Chambers repeated a previous comment he had made in China, that he would love to be Chinese if he were not American. He was also quick to distance himself from any collaboration with the U.S. government to win back business in China.
“We’re not asking help from any government leaders,” he said. Instead Cisco head of sales Chuck Robbins will travel to China every quarter and Chambers himself as well as Rob Lloyd, president of development and sales, will take turns visiting China to help improve relationships. Chambers also said Owen Chang, Cisco’s chief executive of greater China, has the patience needed to help improve the company’s business there.
Cisco’s efforts in China “will be a series of quiet moves,” rather than something that would be quickly noticeable, said Chambers. He said that “the Chinese send messages very subtly. Who sits beside who at a table, who you meet when you go to China, who you don’t meet ... And do you do joint ventures or not, what key market opportunities do you have.”
“It’s a slowly evolving area.
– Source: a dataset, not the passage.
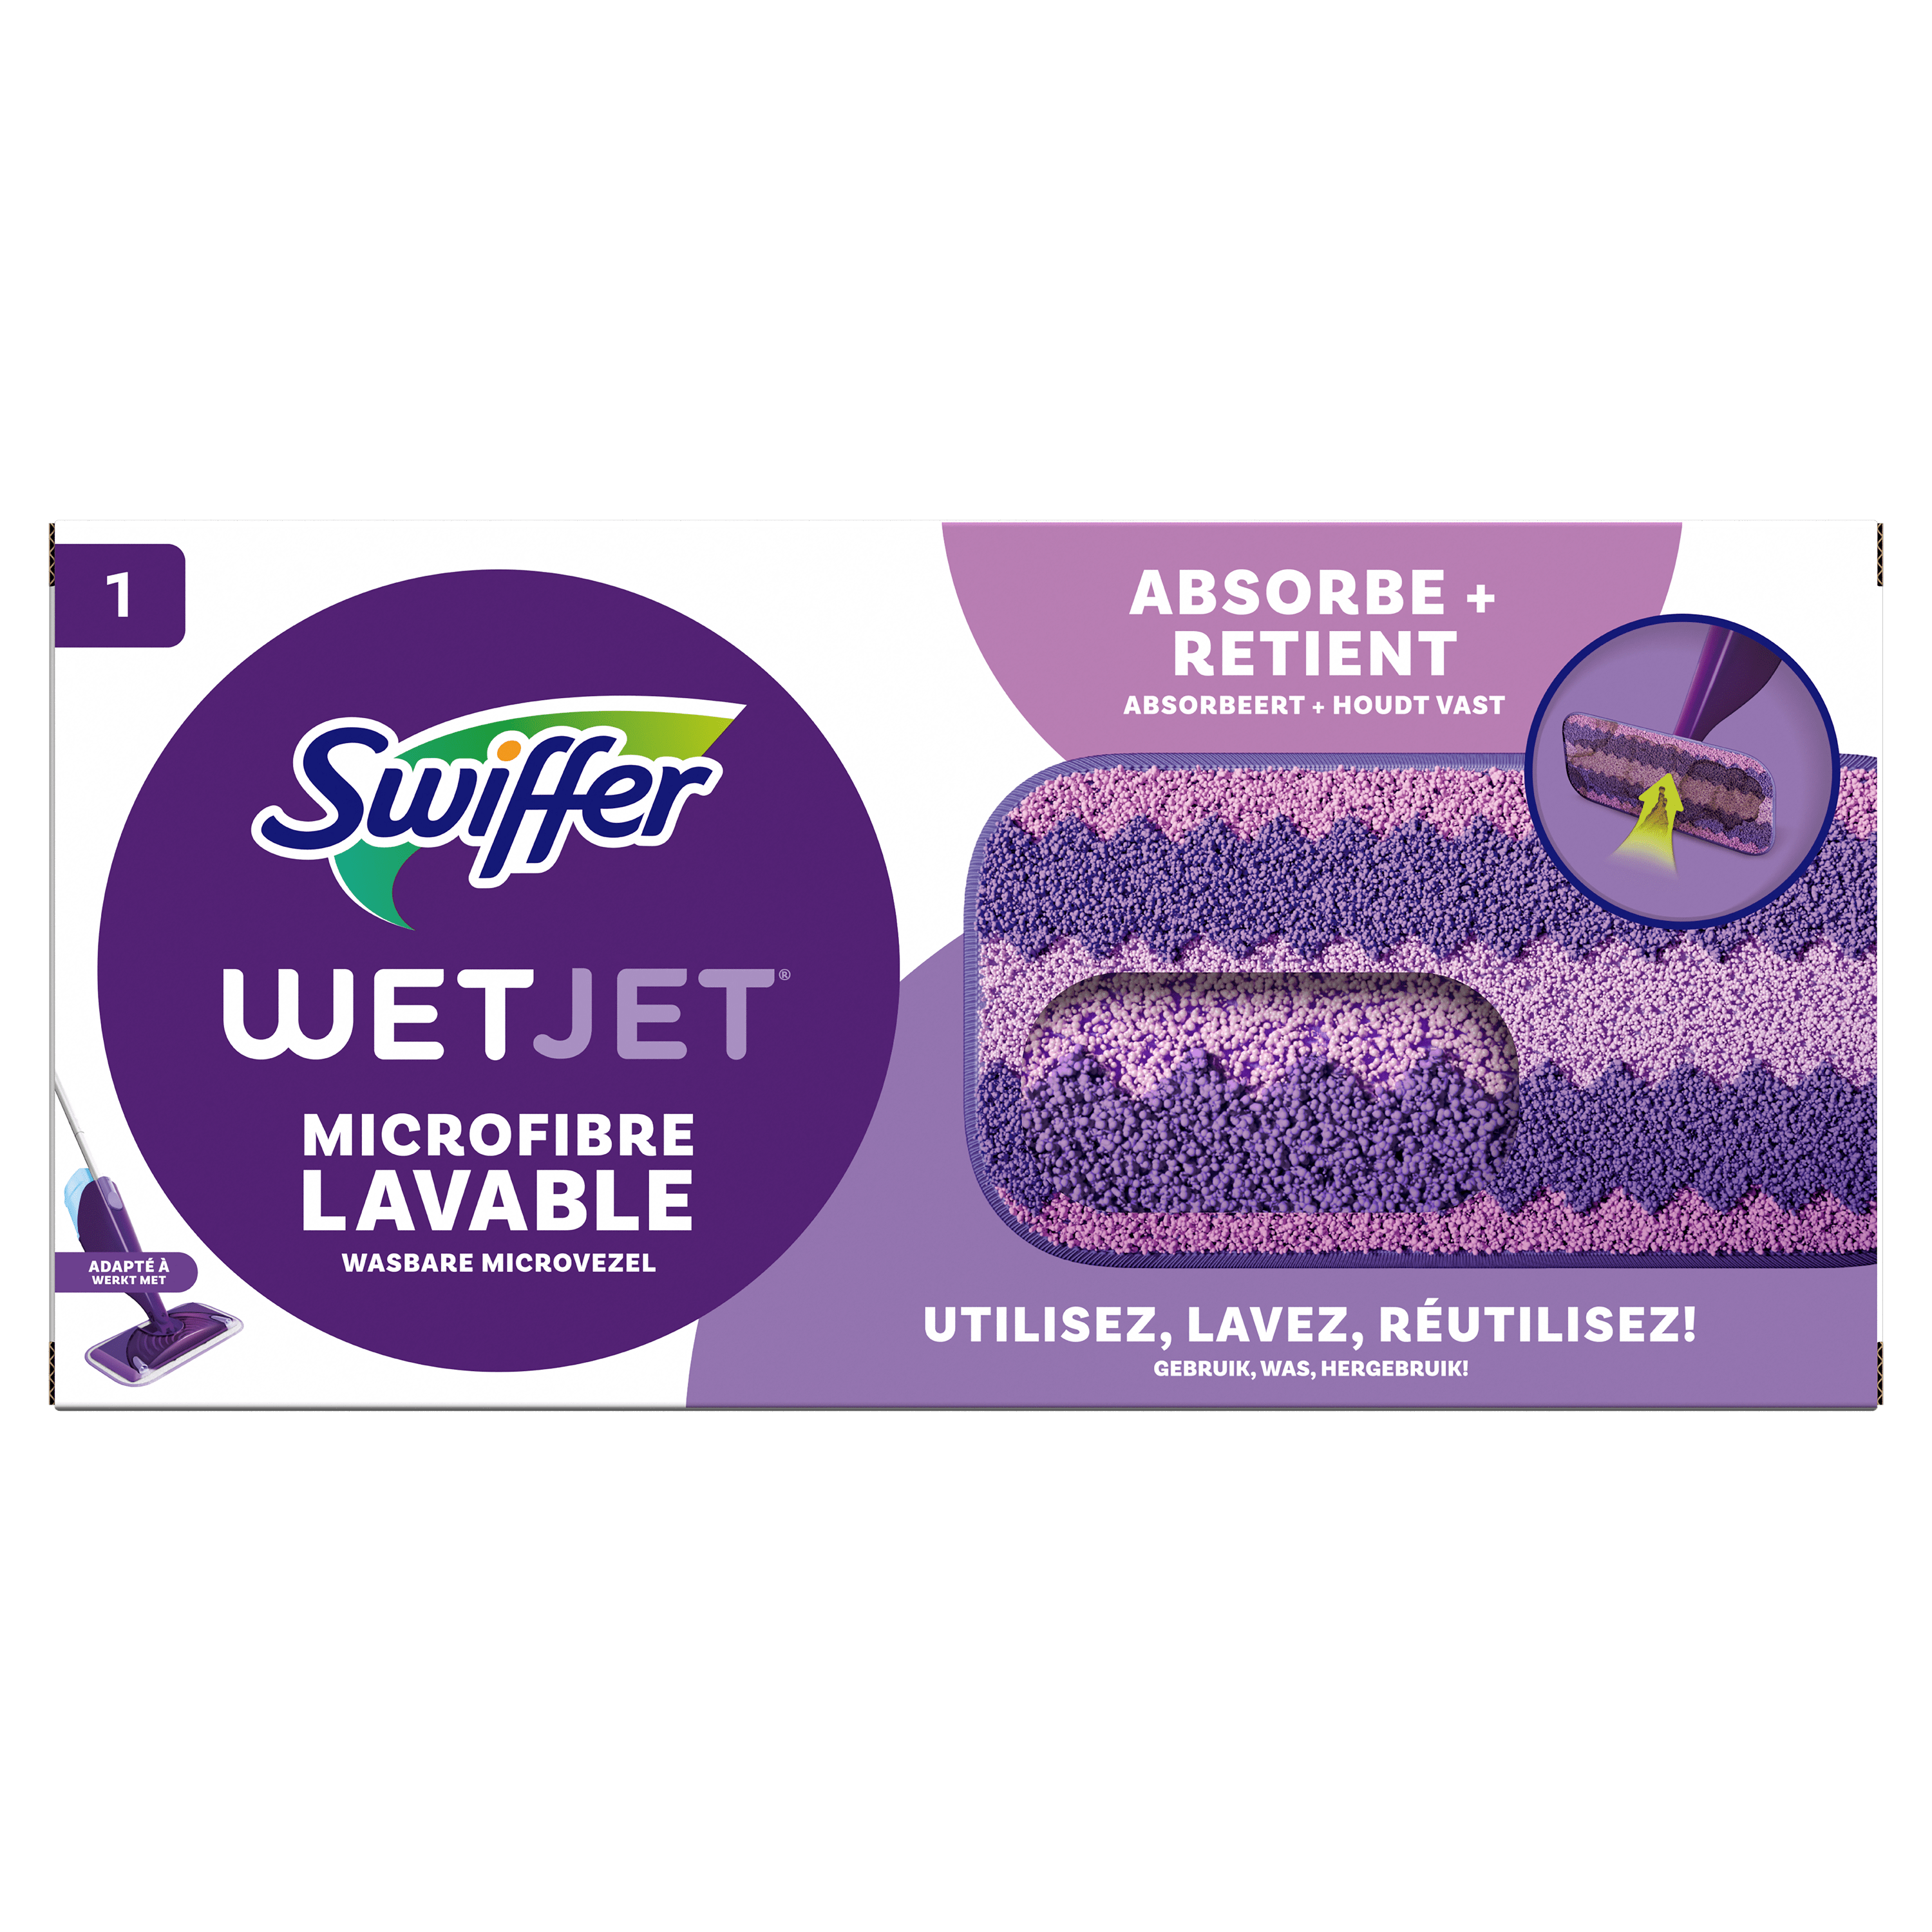 Swiffer Wetjet Microfibre lavable

Its an area I’m personally very comfortable with,” he said. “I’ve been there 28 years so I know the culture and the leaders.”
Chambers said it would be in the best interests of the United States and China for their companies in technology and other sectors to work together.
“In many ways I think our countries have goals that are more aligned than adversarial,” he said.
However, Cisco has had a bitter rivalry with China’s Huawei for years, starting with a patent-infringement lawsuit brought by Cisco about a decade ago.
Chambers would not say if he thought Cisco’s difficulties in China came in retaliation after the U.S. government effectively banned the sale of Huawei’s equipment here last year.
“I think there is a focus on China national pride and using indigenous innovation and their own technology companies. I think it’s more along that line. Huawei has done a good job marketing over there,” Chambers said.